Your objective
Verbatim copy, pictures excluded: every line from the one with "Leisure Sports RH" through the final line of the data below, and no other line.

Data excerpt
╭──

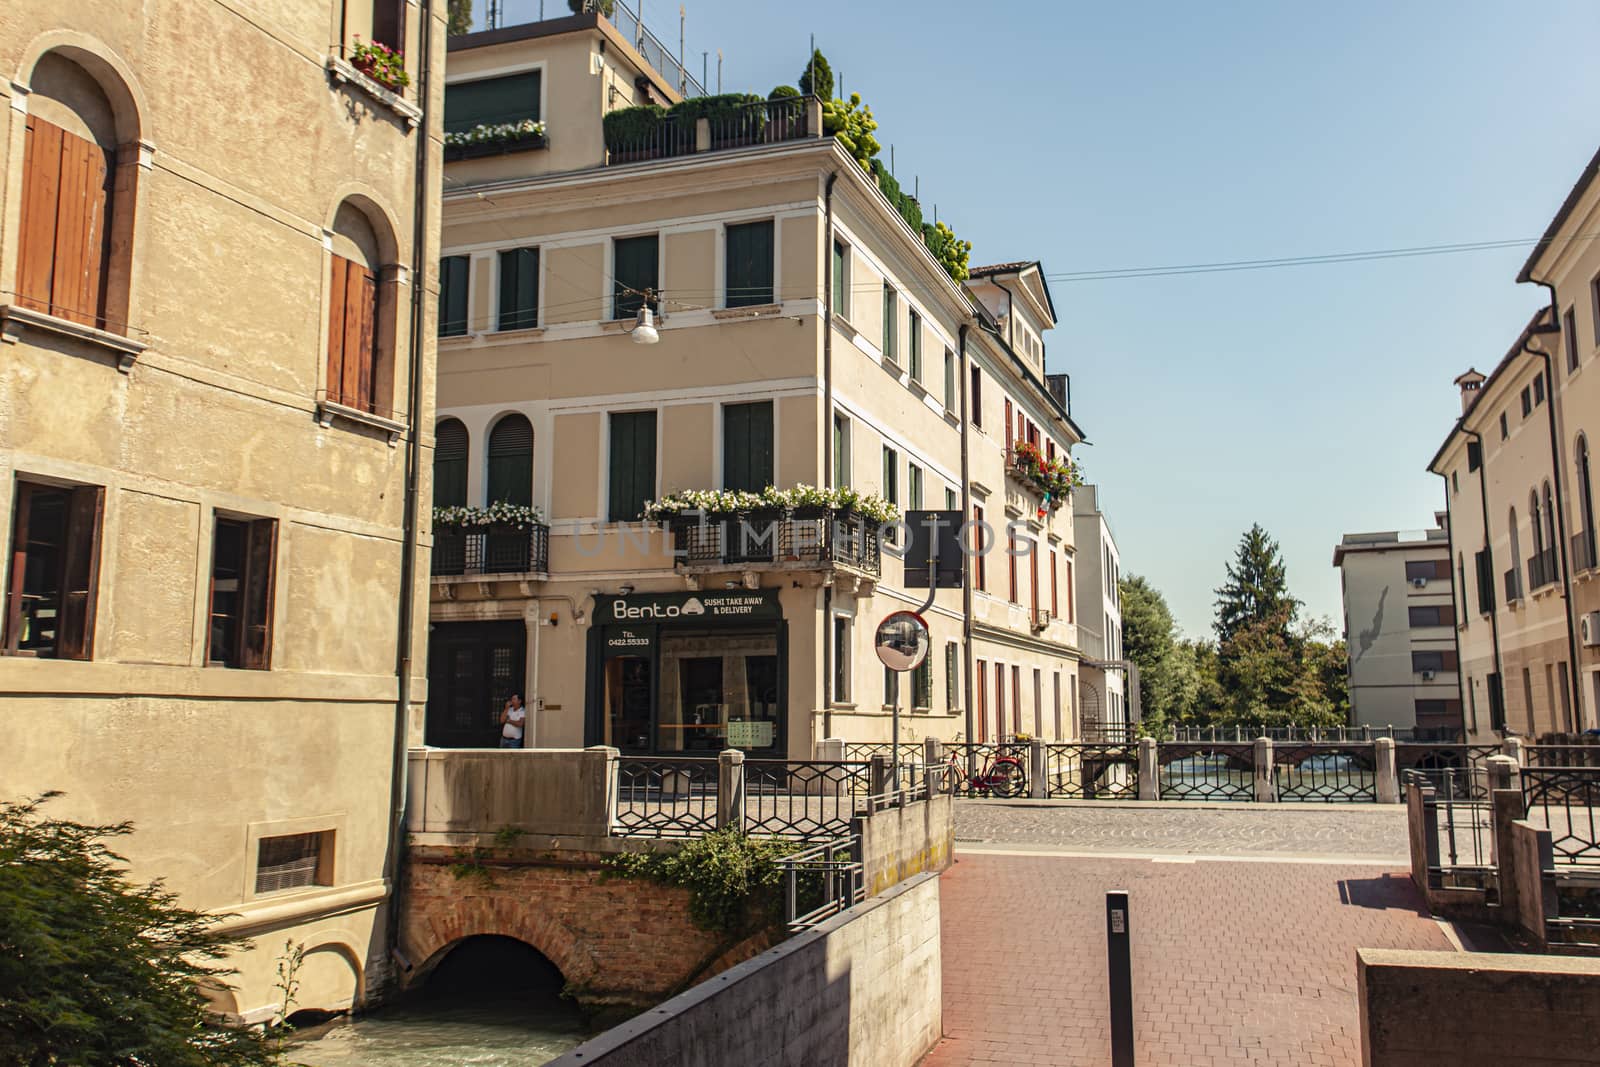 TREVISO, ITALY 13 AUGUST 2020: Bridge on Buranelli canal in Treviso in a Sunny summer day
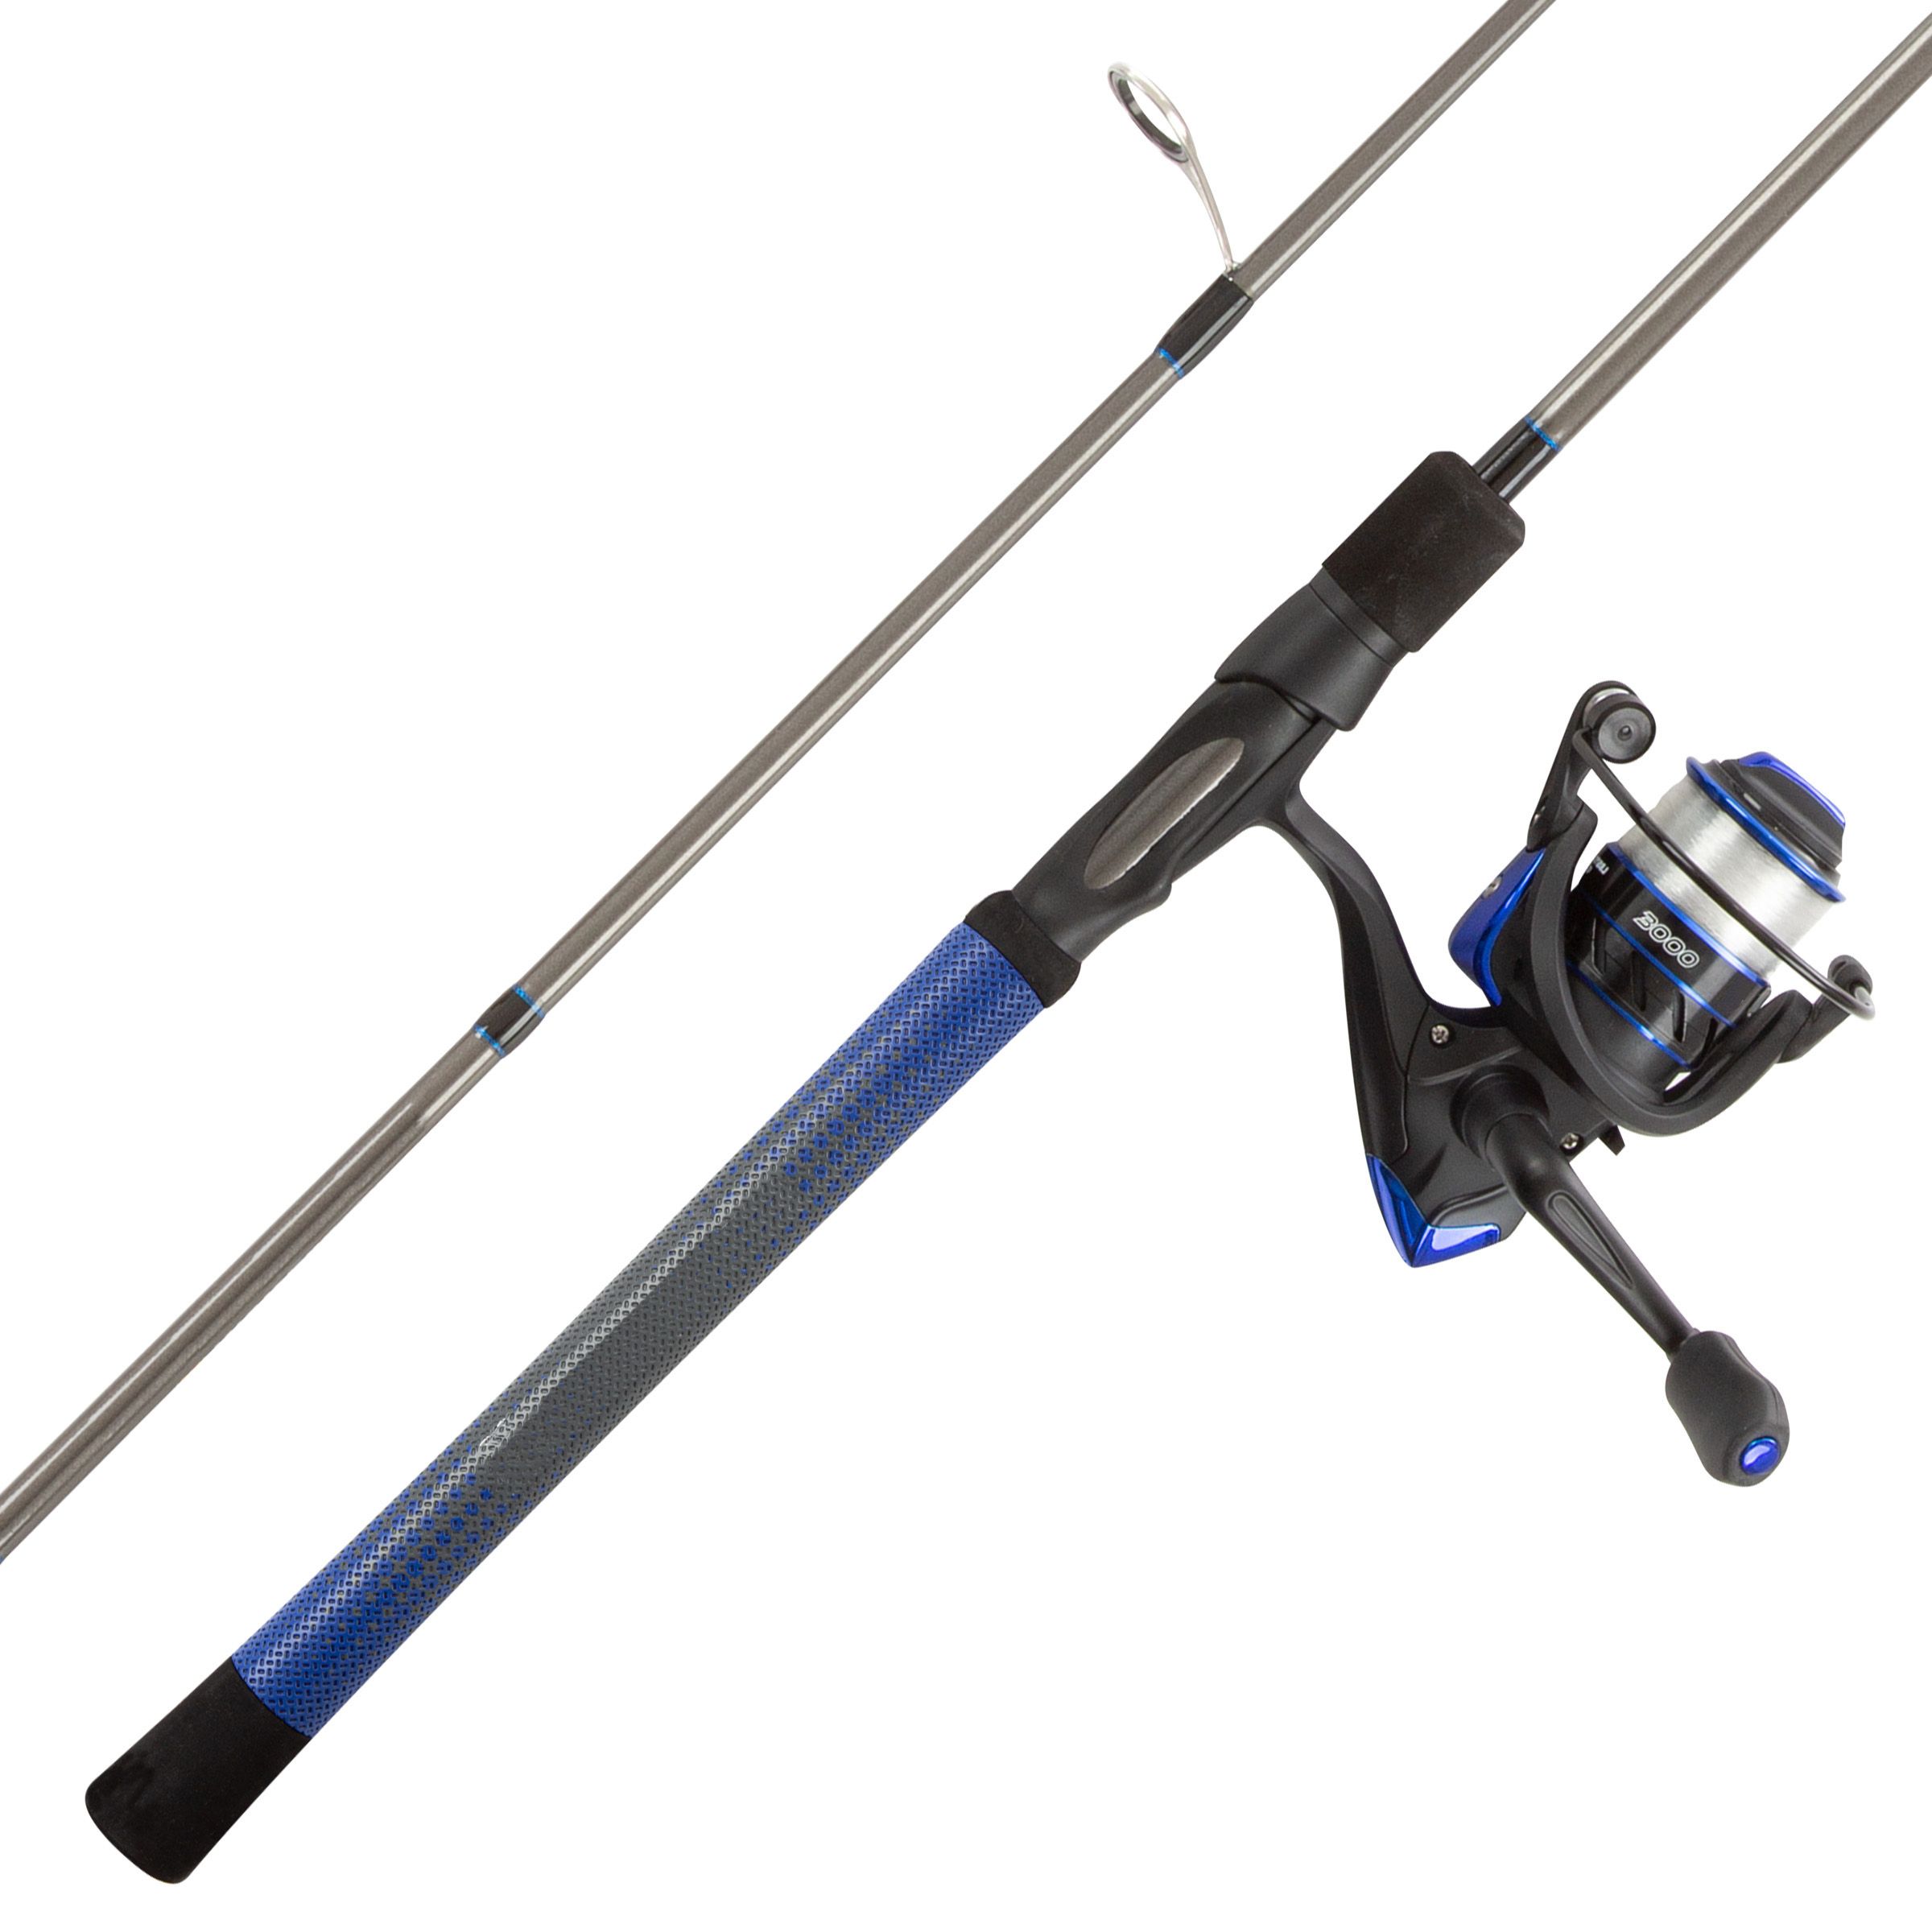 Leisure Sports RH Carbon Rod and Spinning Reel Fishing Combo - Blue
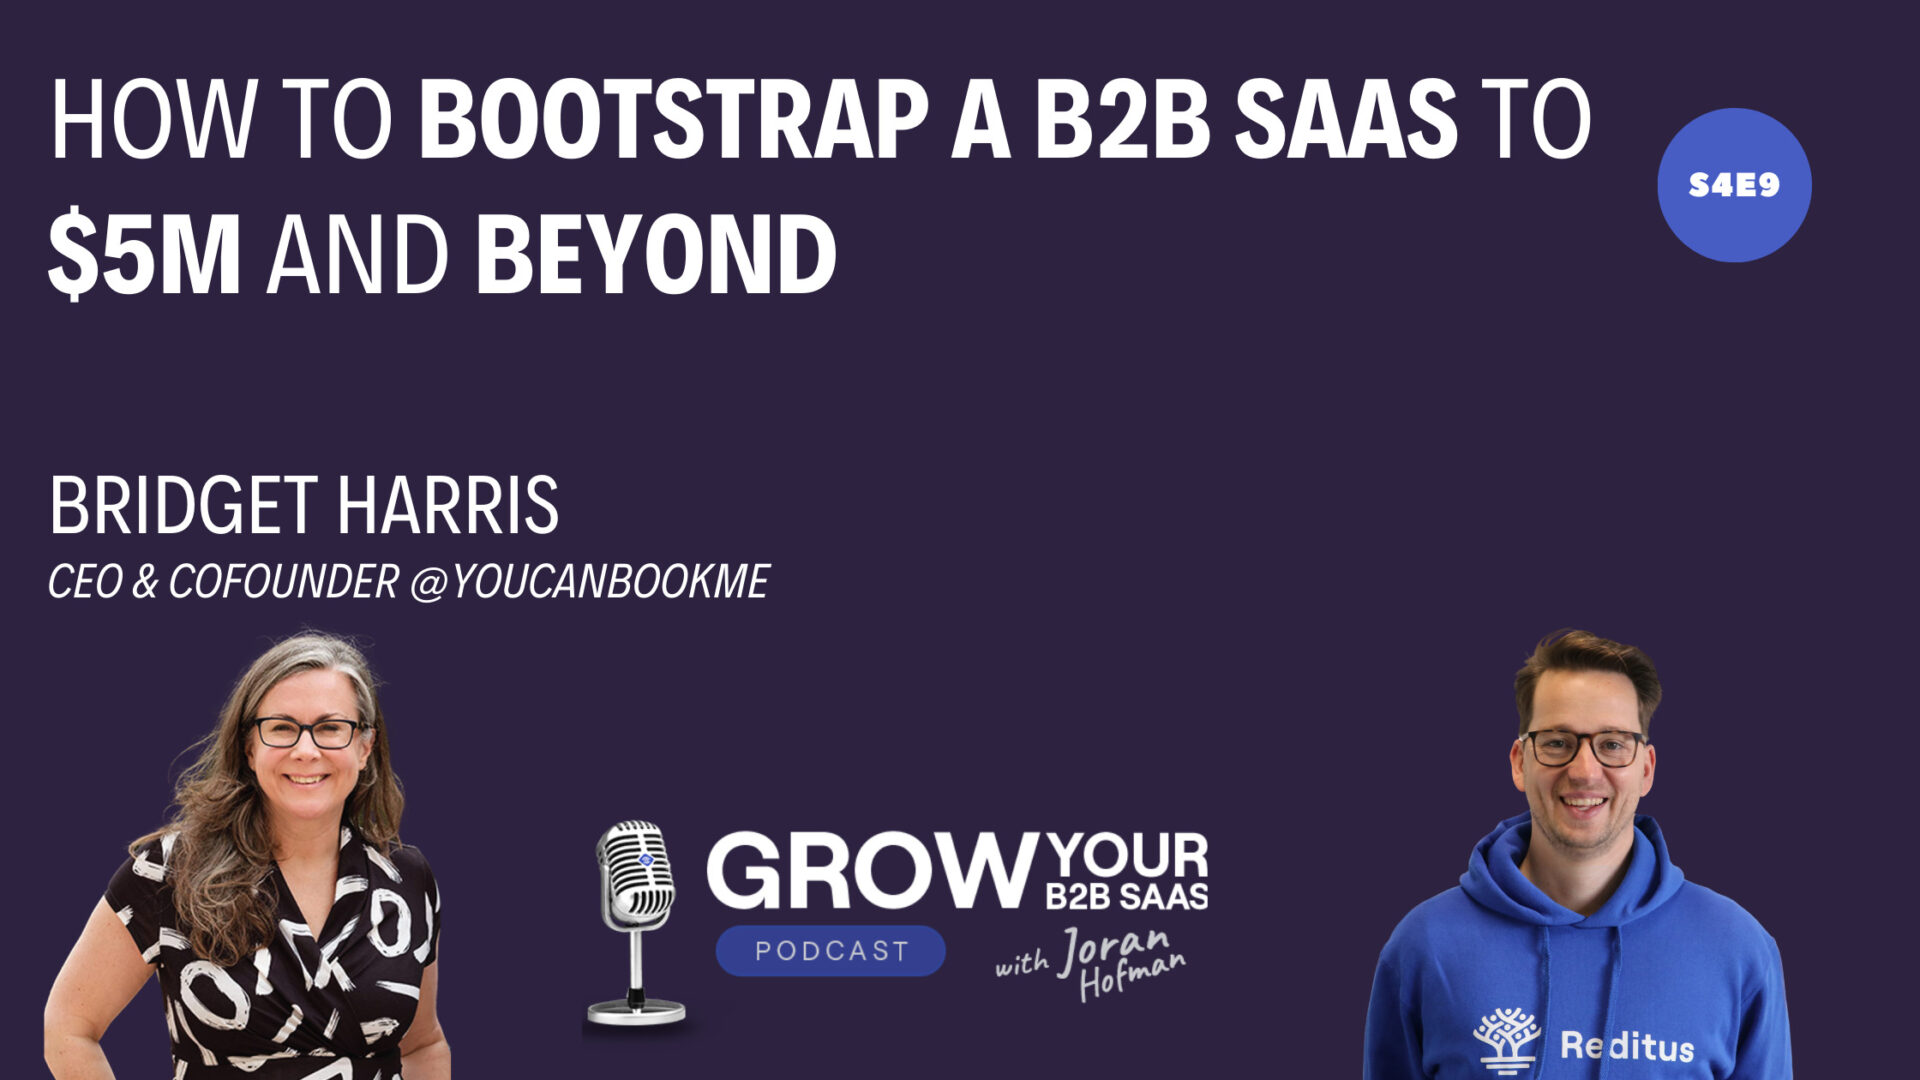 S4E9 – How to Bootstrap a B2B SaaS to $5M and Beyond With Bridget Harris

╰──

Response below
 Leisure Sports RH Carbon Rod and Spinning Reel Fishing Combo - Blue
 S4E9 – How to Bootstrap a B2B SaaS to $5M and Beyond With Bridget Harris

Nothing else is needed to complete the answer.